Giter VIP home page Giter VIP logo

string2vocabulary's Introduction

String2Vocabulary

Look for literals in an RDF graph and substitute them with URIs from controlled vocabularies. Built with Gradle and Apache Jena.

It uses the vocabulary filenames for grouping them in families. For example, city-italy.ttl and city-france.ttl are part of the family city.

Input

The library needs in input:

  • a folder containing vocabularies
  • for a full graph replacement, a configuration in csv that declares the property to match, the relative vocabulary family, an if it should eventually check for the singular version of the label. Example:
http://data.doremus.org/ontology#U2_foresees_use_of_medium_of_performance,mop,singular
http://data.doremus.org/ontology#U11_has_key,key,

Given as input:

ns:myMusicWork mus:U11_has_key [
          a mus:M4_Key ;
          rdfs:label "Ré majeur"@fr ] ;
   mus:U2_foresees_use_of_medium_of_performance "mezzosoprano" .

... this produces as output:

ns:myMusicWork mus:U11_has_key <http://data.doremus.org/vocabulary/key/d> ;
   mus:U2_foresees_use_of_medium_of_performance  <http://data.doremus.org/vocabulary/iaml/mop/vms> .

Features

  • Vocabulary syntax supported:
    • SKOS
    • MODS
  • Support for families of vocabularies
  • Replace literals that match the given label
  • Replace objects that have a rdfs:label or ecrm:P1_is_identified_by which match the given label
  • Strict mode: match both label and language
  • Normalise the labels by removing punctuation, decoding to ASCII, using lowercase
  • Search also for the singular version of the word with Stanford CoreNLP
  • Support for RDF Dataset:
    • replace content at the default graph level
    • replace content at a given named graph level
  • Supported textual syntax for RDF (serialization):

Dependencies:

  • Build tool: Gradle 7+
  • See the dependencies section in the build.gradle file for project dependencies.

Usage

As a module

  1. Add it as dependency.
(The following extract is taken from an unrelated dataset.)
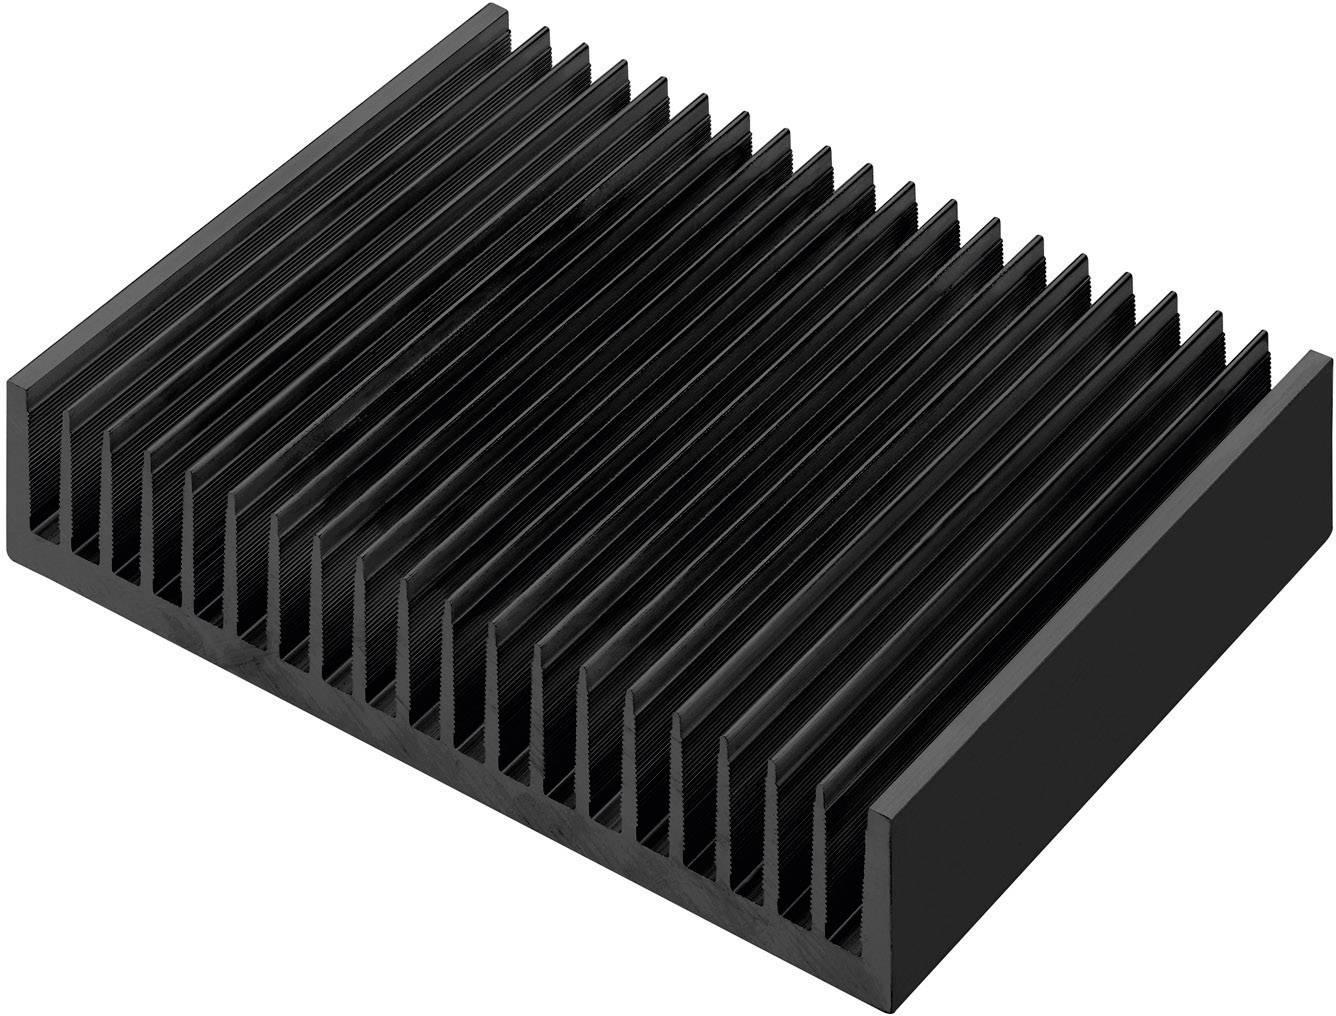 Profilový chladič Pada Engineering 8071/75/N 8071/75/N, 1.06 K/W, (d x š x v) 75 x 200 x 40 mm

E.g. in build.gradle:
dependencies {
   compile 'com.github.DOREMUS-ANR:string2vocabulary:0.7'
}
  1. Import and init in your Java class
import org.doremus.string2vocabulary.VocabularyManager;

// ...

// print full logs
VocabularyManager.setVerbose(true);

// set the folder where to find vocabuaries
VocabularyManager.setVocabularyFolder("/location/to/vocabularyFolder");
// set the folder where to find the config csv
VocabularyManager.init("/location/to/property2family.csv");
// set the language to be used for singularising the words
VocabularyManager.setLang("fr");
  1. Use it :)
// Search for a term in a given family
// this performs a normal full search and one in strict mode
VocabularyManager.searchInCategory("violin", "en", "mop");
// --> http://www.mimo-db.eu/InstrumentsKeywords/3573

// or
// Search for a term in a given vocabulary
VocabularyManager.getVocabulary("mop-iaml").findConcept("violin", false);
// --> http://data.doremus.org/vocabulary/iaml/mop/svl
// strict mode
VocabularyManager.getVocabulary("mop-iaml").findConcept("violin@it", true);
// --> null

// or
// Get the URI by code (what is written after the namespace)
VocabularyManager.getVocabulary("key").getConcept("dm");
// --> http://data.doremus.org/vocabulary/key/dm

// or
// Full graph replacement
// search and substitute in the whole Jena Model
// (following the csv configuration)
VocabularyManager.string2uri(model)

See the test folder for another example of usage.

Command Line

Run the library from CLI with gradle run:

# Canonical form
gradle run -Pmap="/location/to/property2family.csv" \
  -Pinput="/location/to/input.ttl" \
  -Pvocabularies="/location/to/vocabularyFolder"

Available CLI parameters:

param example comment
map /location/to/property2family.csv A table with mapping property-vocabulary
vocabularies /location/to/vocabularyFolder Folder containing the vocabularies in turtle format
input /location/to/input.ttl The input file (Turtle or TriG syntax)
output (Optional) /location/to/output.ttl The output turtle file. Default: <inputPath/inputName>_output.<inputFileExt>
lang (Optional) fr Language to be used for singularising the words. Default: en.
graph (Optional) http://example.org/graph/object/ The named graph to process. Default: `` (i.e. the default graph)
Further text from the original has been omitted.